What can easily happen is that genetic changes, often MAJOR,  that can
be brought about by increased genomic instability in cancer cells, can
lead to the re-expression of proteins associated with earlier states
of differentiation.  Similarly, changes in phenotype or morphology can
occur that may echo those of other cells, including the ancestors of
the cell in question.

Int J Cancer 2003 Mar 1;103(6):709-16 
Matrix metalloproteinase-19 is expressed by proliferating epithelium
but disappears with neoplastic dedifferentiation.
Impola U, Toriseva M, Suomela S, Jeskanen L, Hieta N, Jahkola T,
Grenman R, Kahari VM, Saarialho-Kere U.

Cancer Lett 2003 Mar 20;192(1):83-7 
p130 expression in thyroid neoplasms: its linkage with tumor size and
dedifferentiation.
Ito Y, Yoshida H, Uruno T, Nakano K, Takamura Y, Miya A, Kobayashi K,
Yokozawa T, Matsuzuka F, Kuma K, Miyauchi A.

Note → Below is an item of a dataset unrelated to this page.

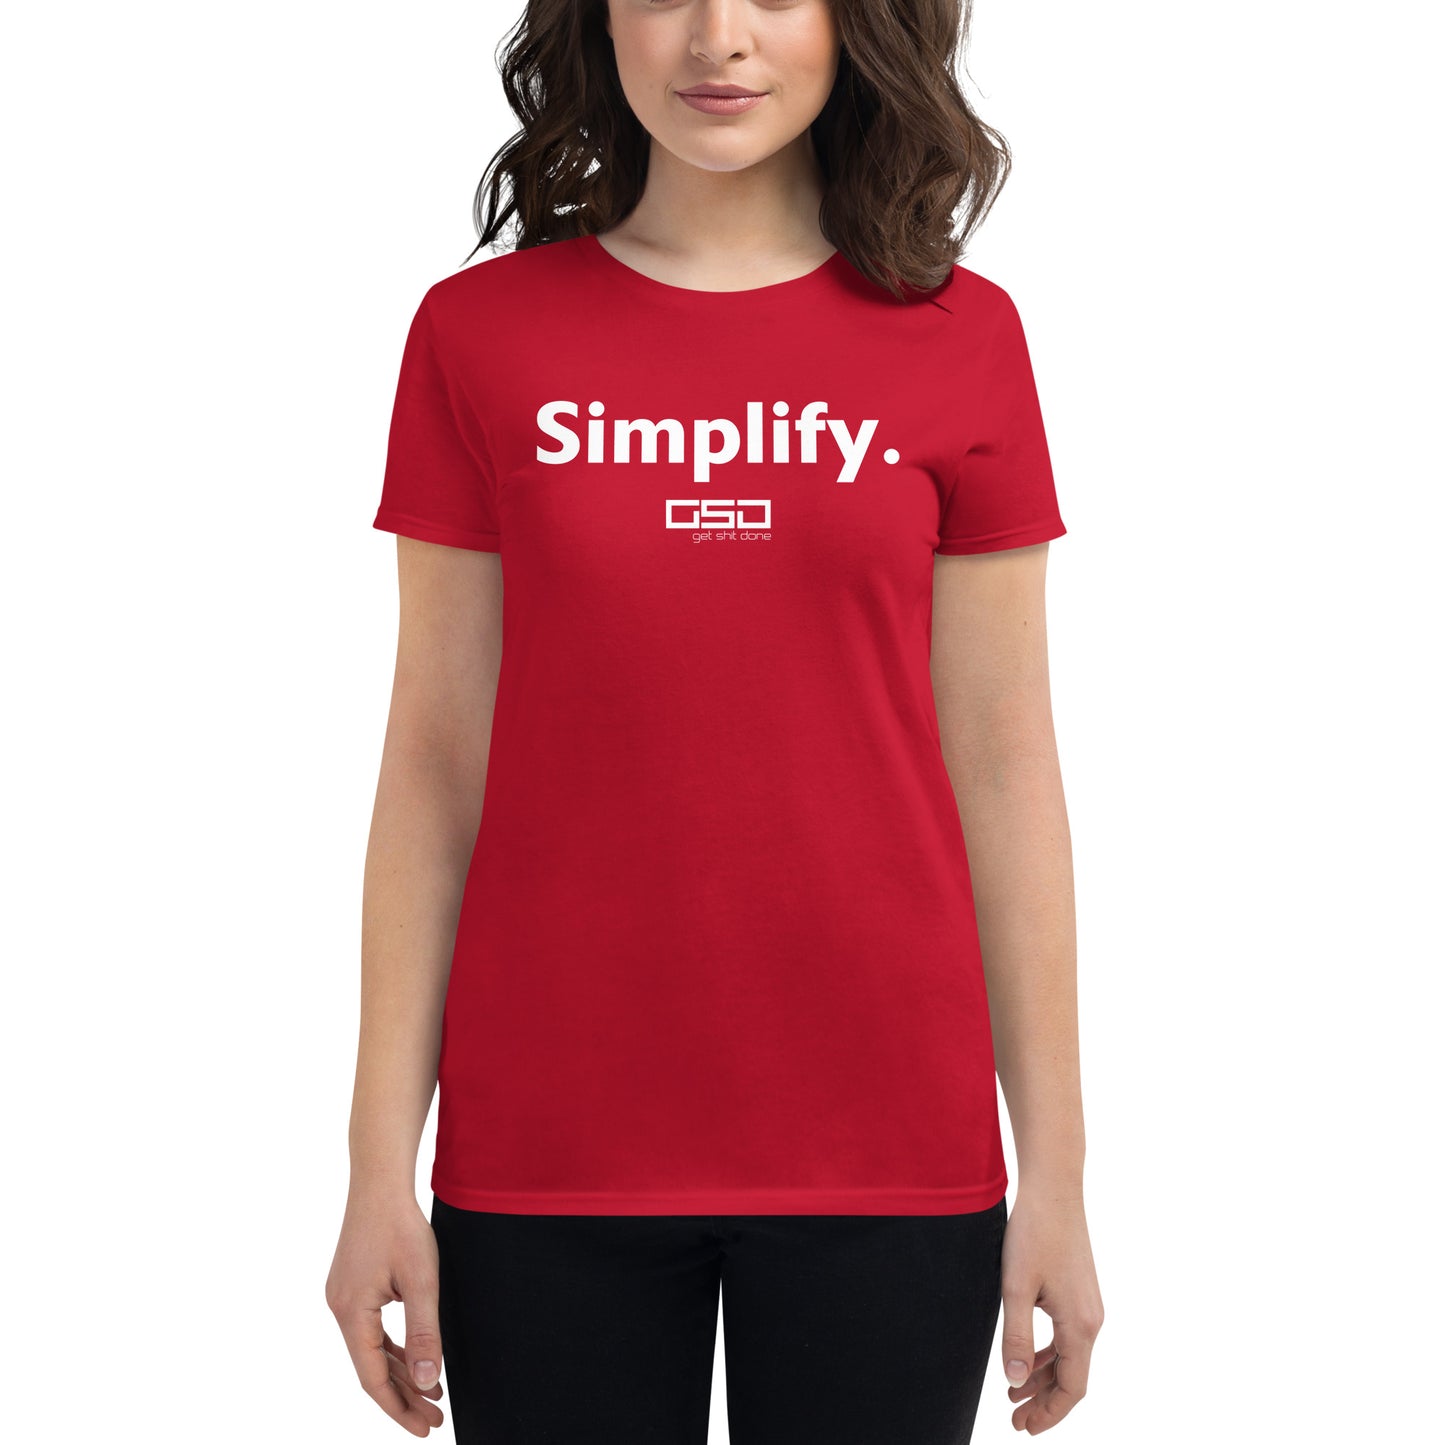 Simplify-Women's short sleeve t-shirt

Curr Biol 2003 Jan 21;13(2):134-9 
Dedifferentiation of Primary Spermatocytes into Germ Cell Tumors in C.
elegans Lacking the Pumilio-like Protein PUF-8.
Subramaniam K, Seydoux G.

Hi tehuti!
Your first paper refers specifically to "histologic
dedifferentiation".
In the second, "dedifferentiation" does not appear in the paper
abstract, so it is hard to judge what they are saying or what
importance they place on it - short of getting the paper.
The third paper appears to relate to a knock-out experiment in C.
elegans.  The researchers have disrupted the function of a particular
gene and found that it plays a role in differentiation of this cell
type by blocking mitosis.  Take out the gene - the cells can again
divide - a sort of de-differentiation I guess.  If I overexpress ras
to cause a similar effect, is this dedifferentiation?

The crux of the question posed was whether tumours arising from stem
cells in the skin were more likely to be aggressive (as I understand
it).  I'm not sure if this is known with any certainty. 
Dedifferentiation, whether it is a bona fide phenomenon or not, is
probably not an issue here.

In database indexing and searching, the appearance of a word in a
title is normally taken to be of greatest significance in judging the
"aboutness" of a paper (setting aside titles which try to be funny or
too clever).  I was merely trying to point out that the term
dedifferentiation retains sufficient clarity of meaning to be used in
this age.

I agree the question is about the potential aggressiveness of tumours
arising from stem cells.  However, the nearest real example we have of
this is the basal cell carcinoma, which is not particularly
aggressive.  That is why I wonder if this question deals with real or
hypothetical situations.

stem cells divide to give daughter cells.
 When they divide,one remains at the basal layer and continues as a
stem cell. The other goes on to specialise-moving through the 5
epidermal layers to the outside.
So a cancer mutation in a stem cell will be passed on to all its
'daughters' and groups of cancer cells lead to tumours. A mutation in
a specialised cell(i.e. not a stem cell) will be lost with the skin
cell when it sloughs from the skins surface.

What amanda1 says may be true for keratinocytes, as they differentiate
to squamous cells and ultimately are lost.  However,  the mutation
that occurs may interfere with the differentiation and migration
process.  Melanocytes, however, remain in the stratum basale, at the
interface between the epidermis and the dermis.  Tumours of
melanocytic lineage are far more aggressive, and have a much poorer
prognosis if not treated early, than other skin cancers.